Jonah's Calling and Refusal to Go to Nineveh (colorized), Hieronymus Wierix, after Maerten de Vos, 1643. Rijks Museum

The book of Jonah opens with a divine command to Jonah to go to Nineveh and proclaim their guilt.[1] He attempts to flee to Tarshish, but YHWH, with the help of a huge fish, forces him to return and undertake his task.

The only information the book gives us about the main character is his name and patronymic: Jonah son of Amittai (Jonah 1:1).[2] Nowhere is he called a prophet, which leaves the reader in the dark as to why he, of all persons, was chosen for the mission to Nineveh. Significantly, a Jonah ben Amitai of Gath-hepher is mentioned in the book of Kings as the prophet who predicted that Jeroboam II would conquer his neighbors and expand Israel’s borders.[3]

Israel Struggles with Aram-Damascus

During the first half of the 9th century, the kingdom of Israel became a political and military power for the first time since its founding. Under Omri (882–871 B.C.E.) and his son Ahab (873–852 B.C.E.), Israel exerted control over Transjordan and was allied with Aram-Damascus and the Phoenician city-states against an expanding Assyria.
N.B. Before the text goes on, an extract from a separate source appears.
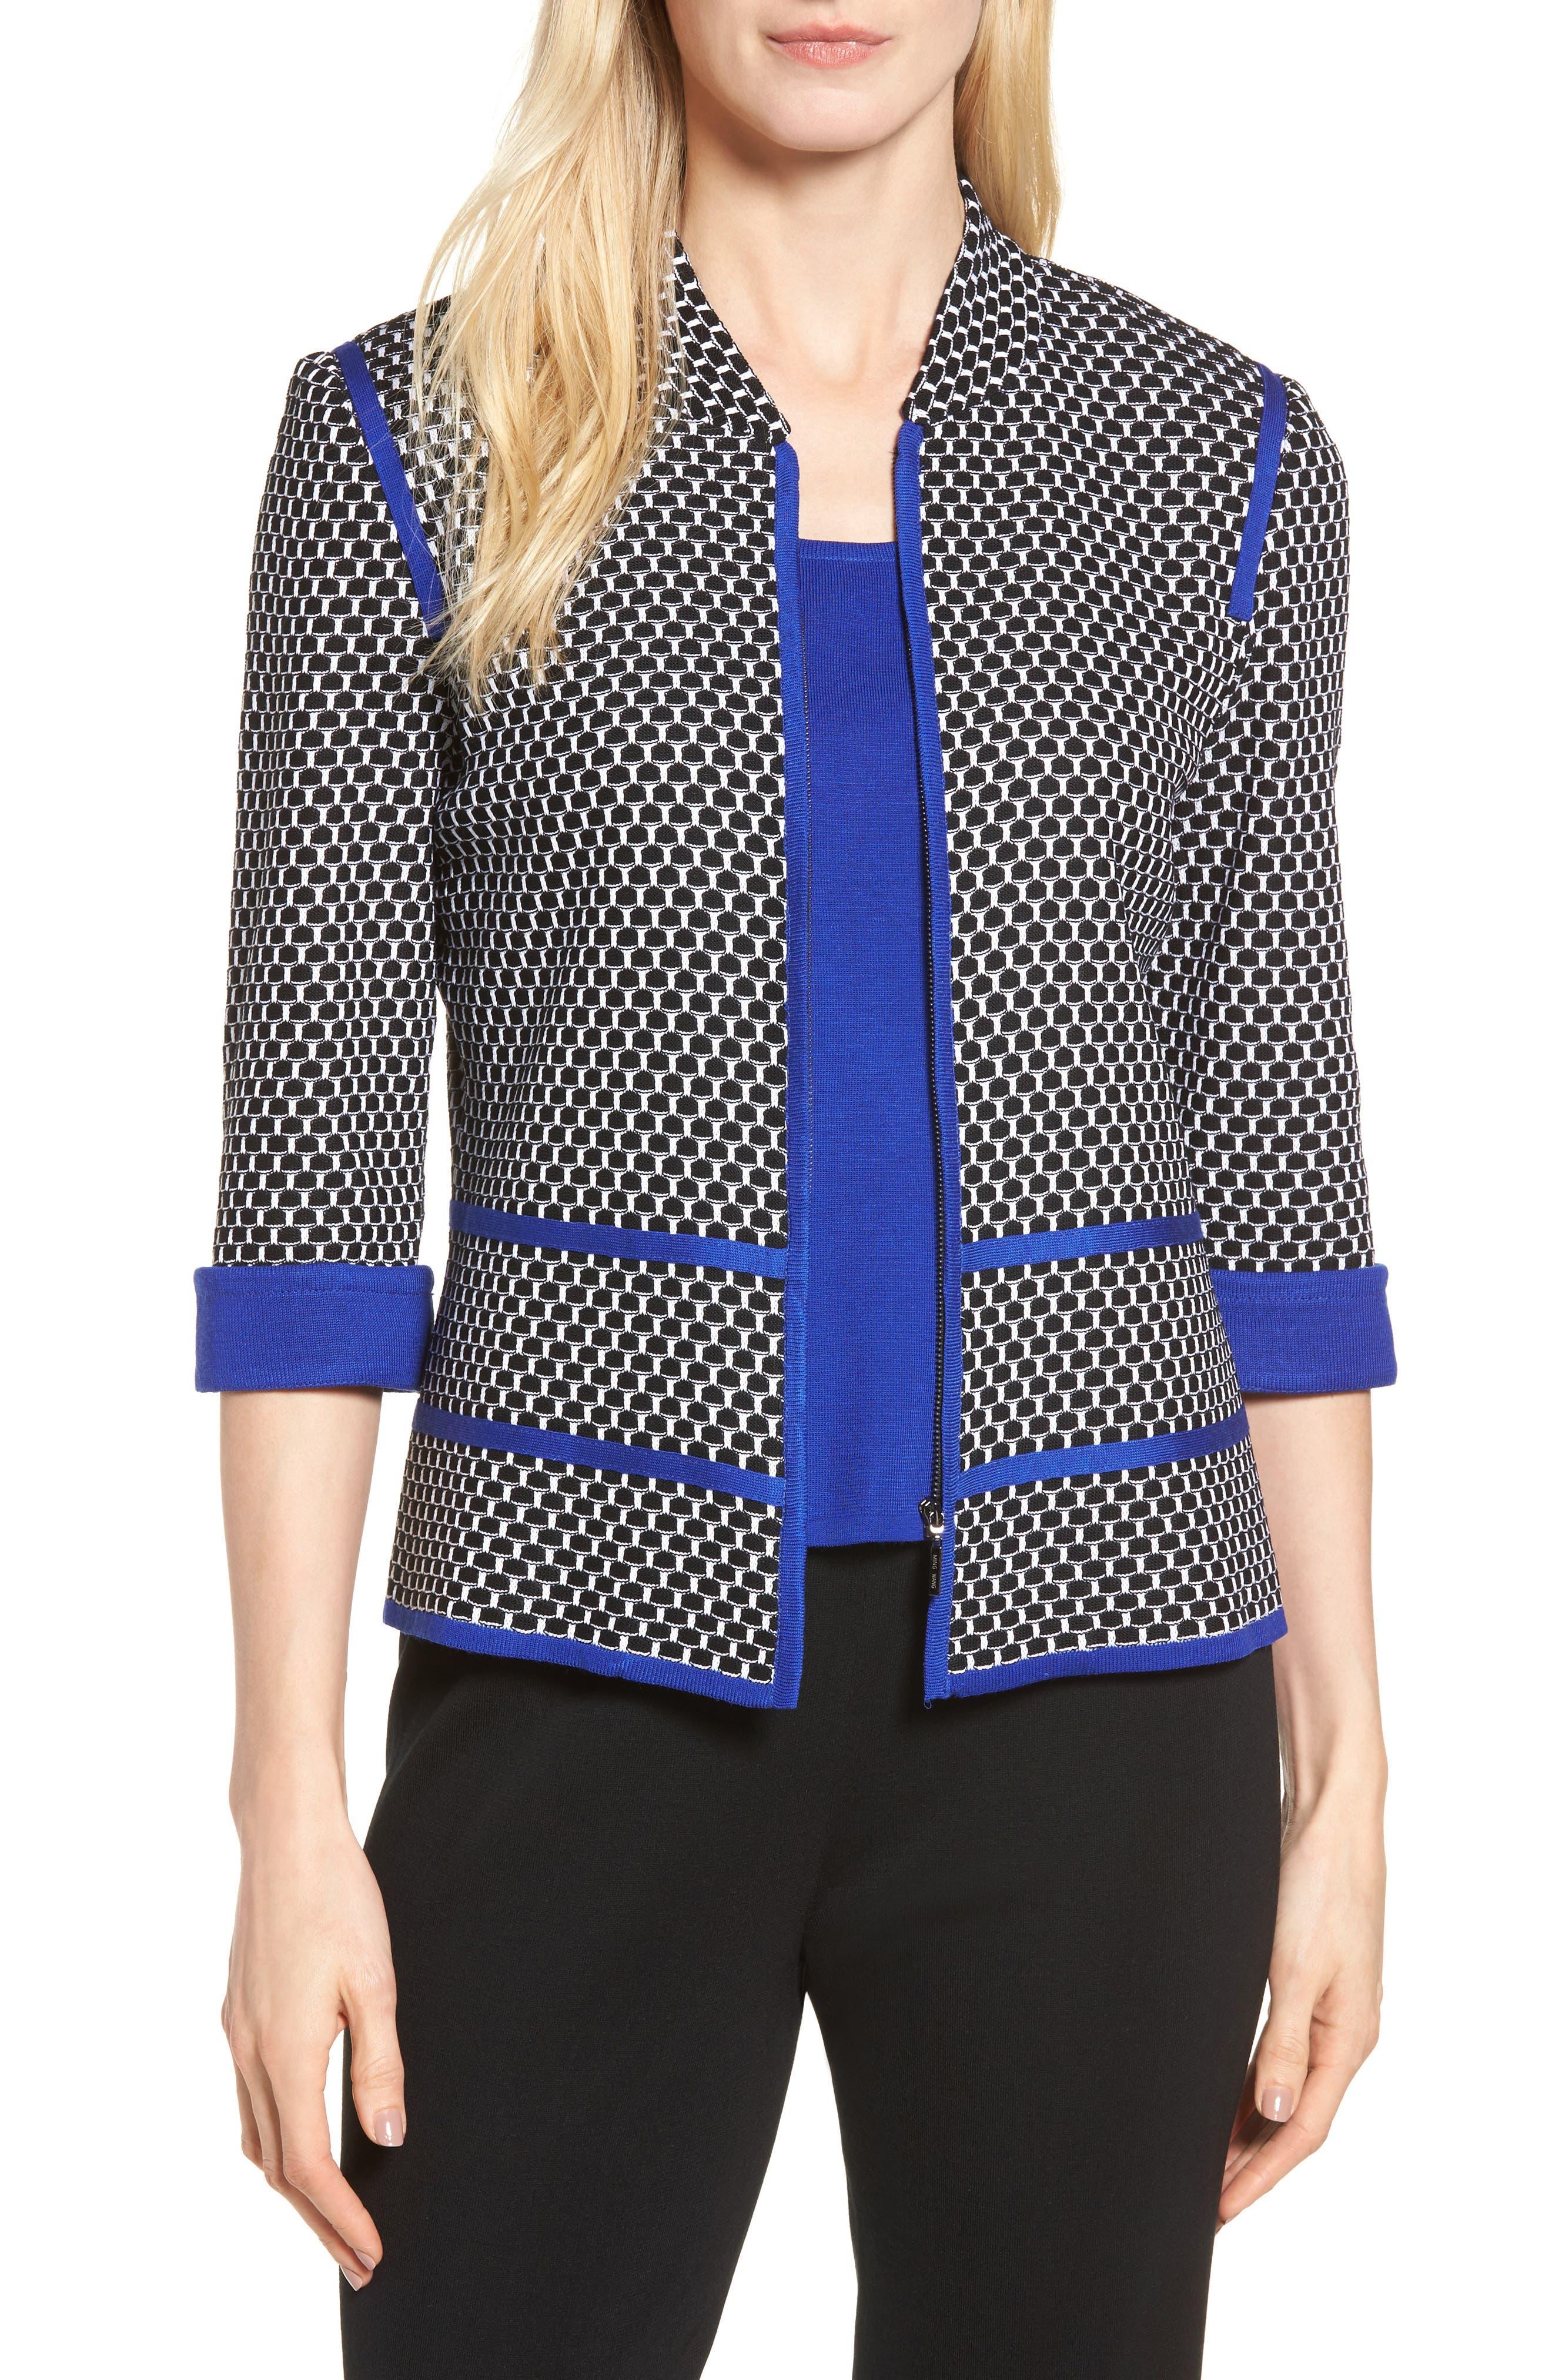 Jacquard Knit Jacket,                             Main thumbnail 1, color,                             407

But following Jehu’s coup d’état (ca. 842 B.C.E.),[4] this ascendancy was replaced by a half-century of decline when Israel came under the harsh hand of Damascus. Responsible for this nadir in Israel’s fortunes were the Aramean kings, Hazael[5] and Ben-hadad:

מלכים ב יג:ז כִּי לֹא הִשְׁאִיר לִיהוֹאָחָז עָם, כִּי אִם חֲמִשִּׁים פָּרָשִׁים וַעֲשָׂרָה רֶכֶב וַעֲשֶׂרֶת אֲלָפִים רַגְלִי כִּי אִבְּדָם מֶלֶךְ אֲרָם וַיְשִׂמֵם כֶּעָפָר לָדֻשׁ.
2 Kgs 13:7 In fact, Jehoahaz was left with a force of only fifty horsemen, ten chariots, and ten thousand foot soldiers; for the king of Aram had decimated them and trampled them like the dust under his feet.
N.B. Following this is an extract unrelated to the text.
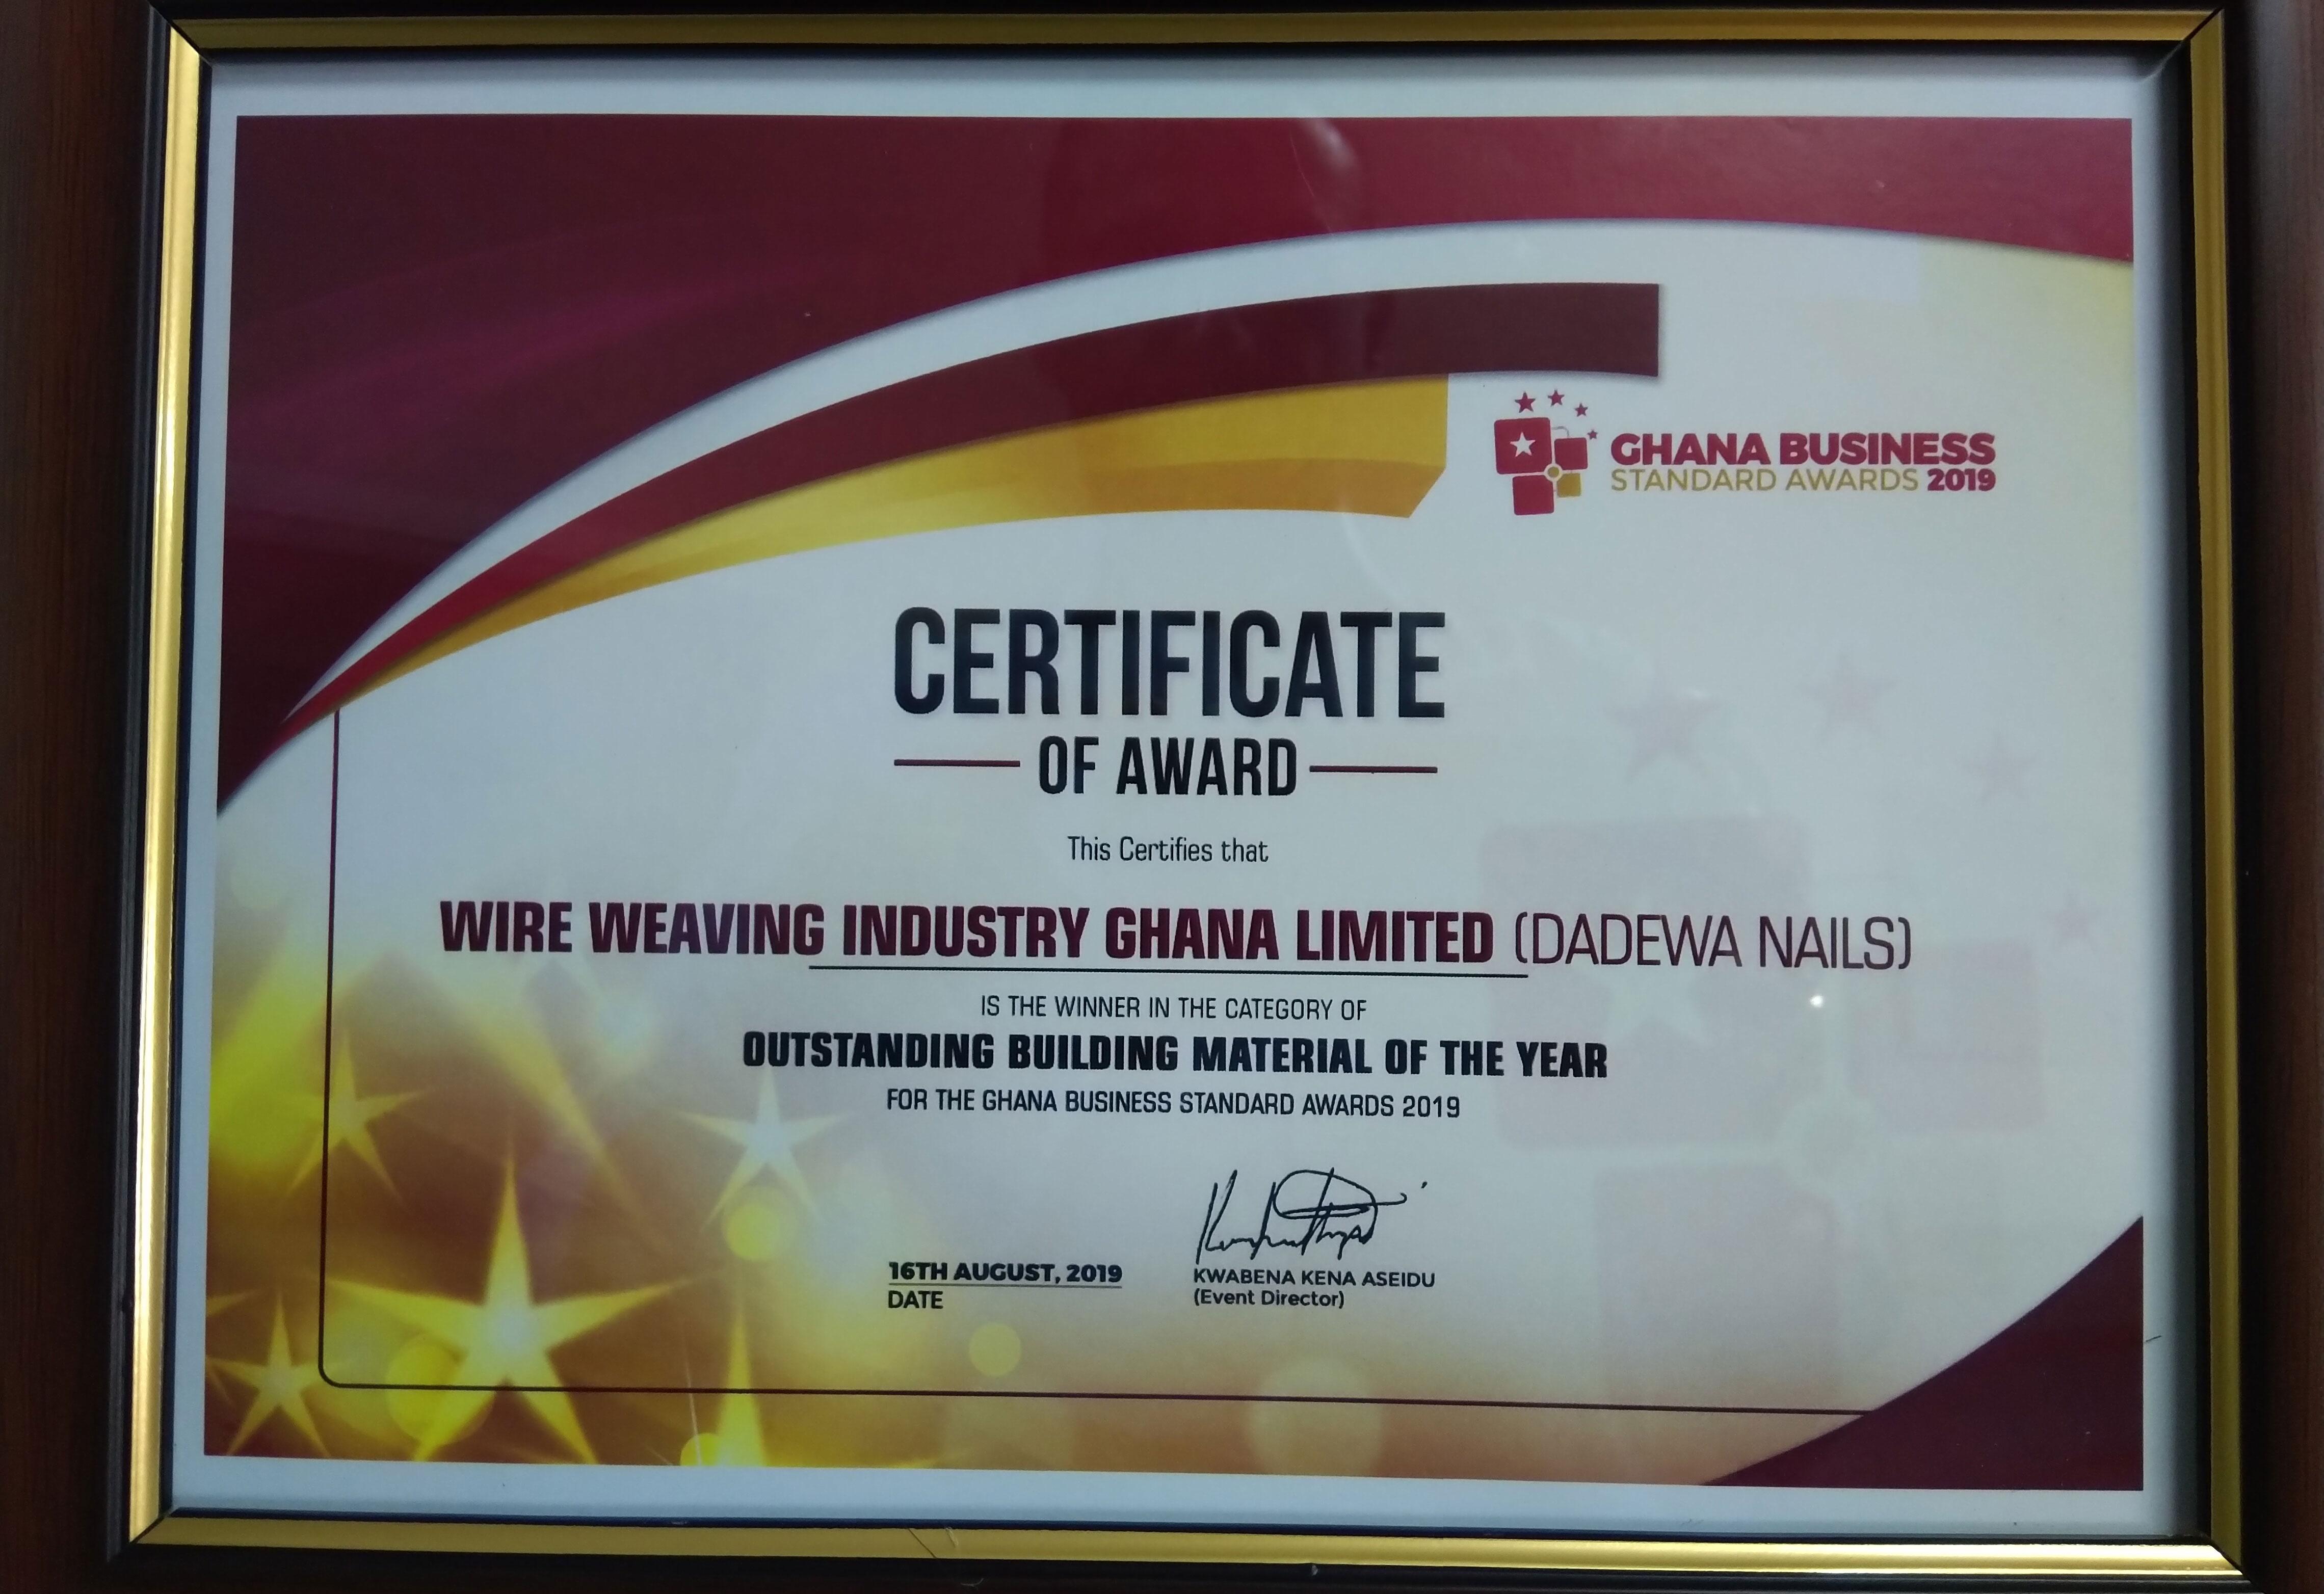 Ghana Business Standard Awards

Towards the end of the 9th century, beginning under the reign Jehoahaz (817–800 B.C.E.), Israel’s lot took a positive turn:

מלכים ב יג:ד וַיְחַל יְהוֹאָחָז אֶת פְּנֵי יְ־הוָה וַיִּשְׁמַע אֵלָיו יְ־הוָה כִּי רָאָה אֶת לַחַץ יִשְׂרָאֵל כִּי לָחַץ אֹתָם מֶלֶךְ אֲרָם. יג:ה וַיִּתֵּן יְ־הוָה לְיִשְׂרָאֵל מוֹשִׁיעַ וַיֵּצְאוּ מִתַּחַת יַד אֲרָם וַיֵּשְׁבוּ בְנֵי יִשְׂרָאֵל בְּאָהֳלֵיהֶם כִּתְמוֹל שִׁלְשׁוֹם .
2 Kgs 13:4 But Jehoahaz pleaded with YHWH; and YHWH listened to him, for He saw the suffering that the king of Aram inflicted upon Israel. 13:5 So YHWH granted Israel a deliverer, and they gained their freedom from Aram; and Israel dwelt in its homes as before.
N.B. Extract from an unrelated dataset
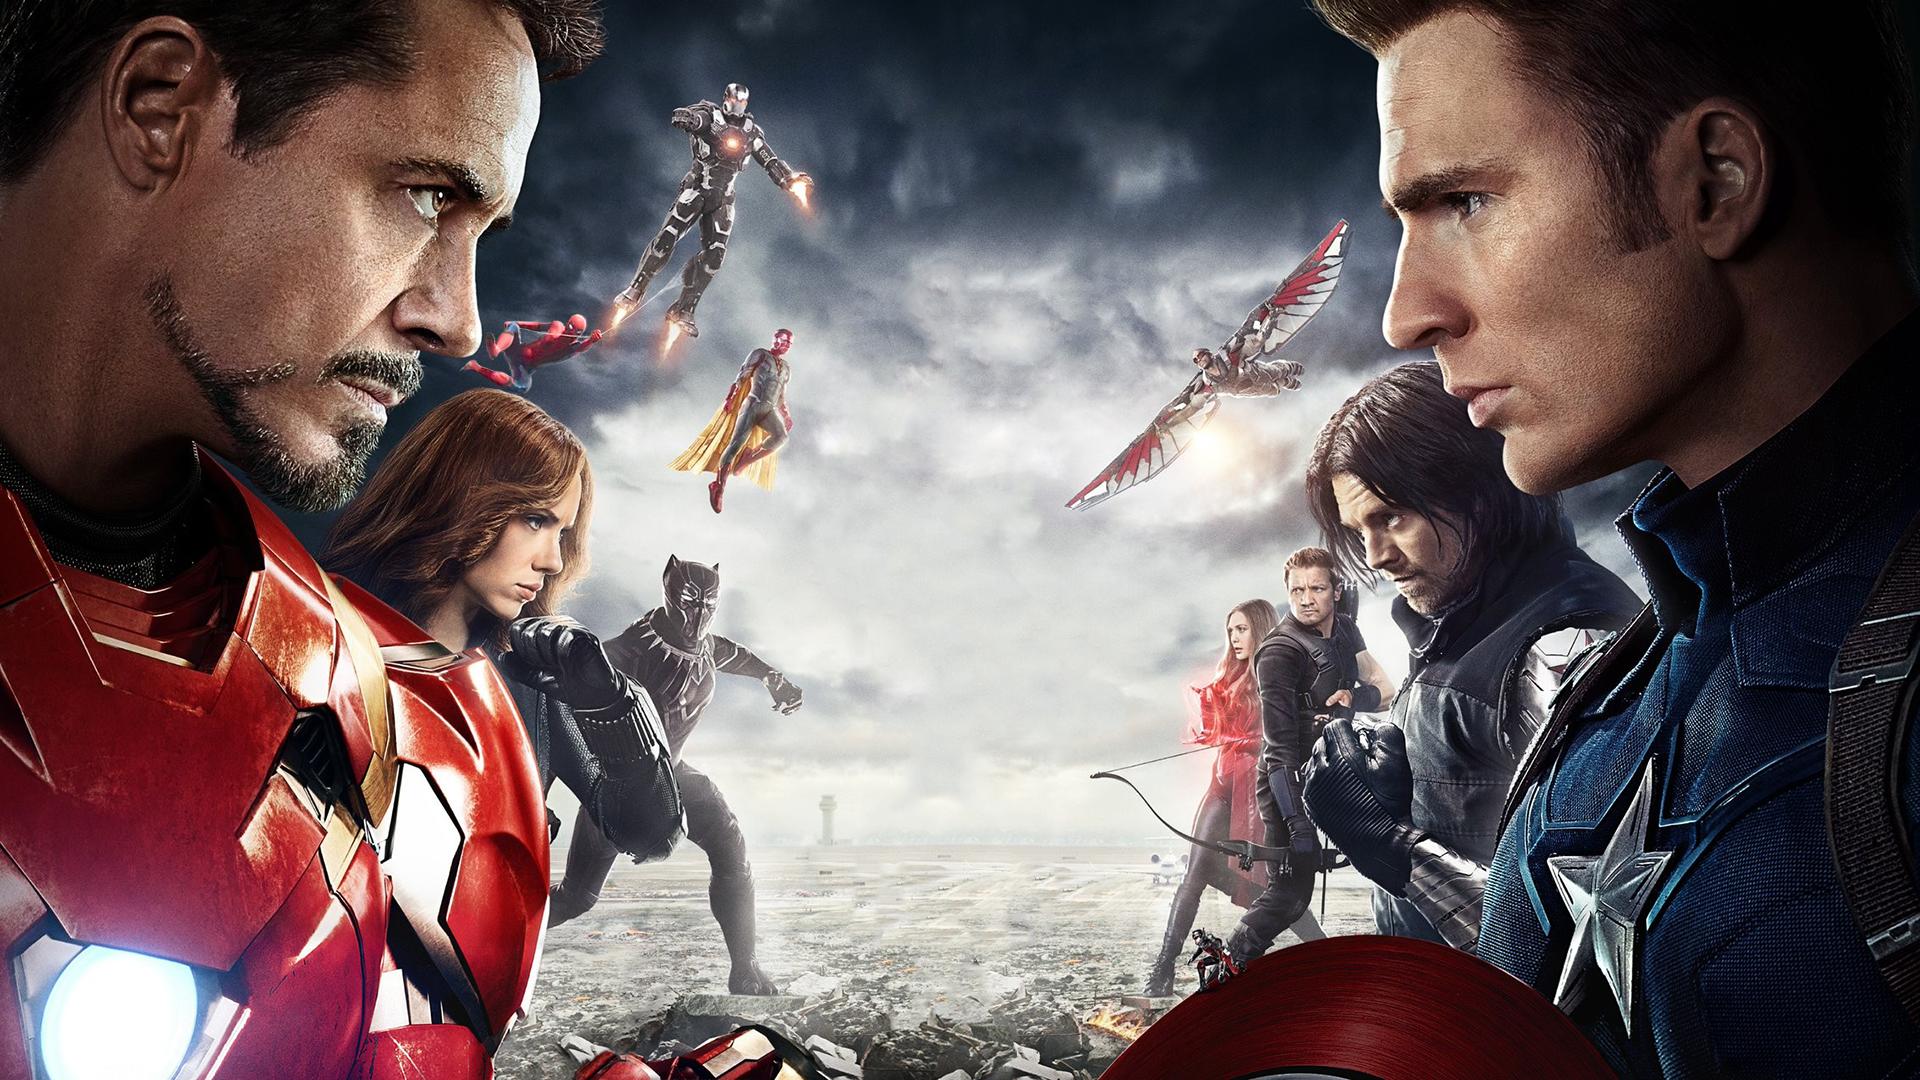 Simple Wallpaper Movie Captain America Civil War - textless_captain_america__civil_war_wp_w__spidey_by_davehz-da1ccu5  Photograph_798663.png

The unidentified “deliverer” (מושיע) may well have been the Assyrian king Adad-nerari III (811–783 B.C.E.).[6] Assyria’s re-appearance in the West after its decades-long absence reshuffled the cards, replacing the hegemony of Damascus with its own. Not only did Adad-nerari III subdue Ben-hadad of Damascus, but as he claimed in an undated royal inscription, Israel’s King Joash recognized him as overlord:

He (Adad-nerari) received 2,000 talents of silver, 1,000 talents of bronze, 2,000 talents of iron, 3,000 multicolored linen garments as tribute from Mari’ (Ben-hadad) of Damascus. He received the tribute of Joash of Samaria, of (the people of) Tyre and Sidon.[7]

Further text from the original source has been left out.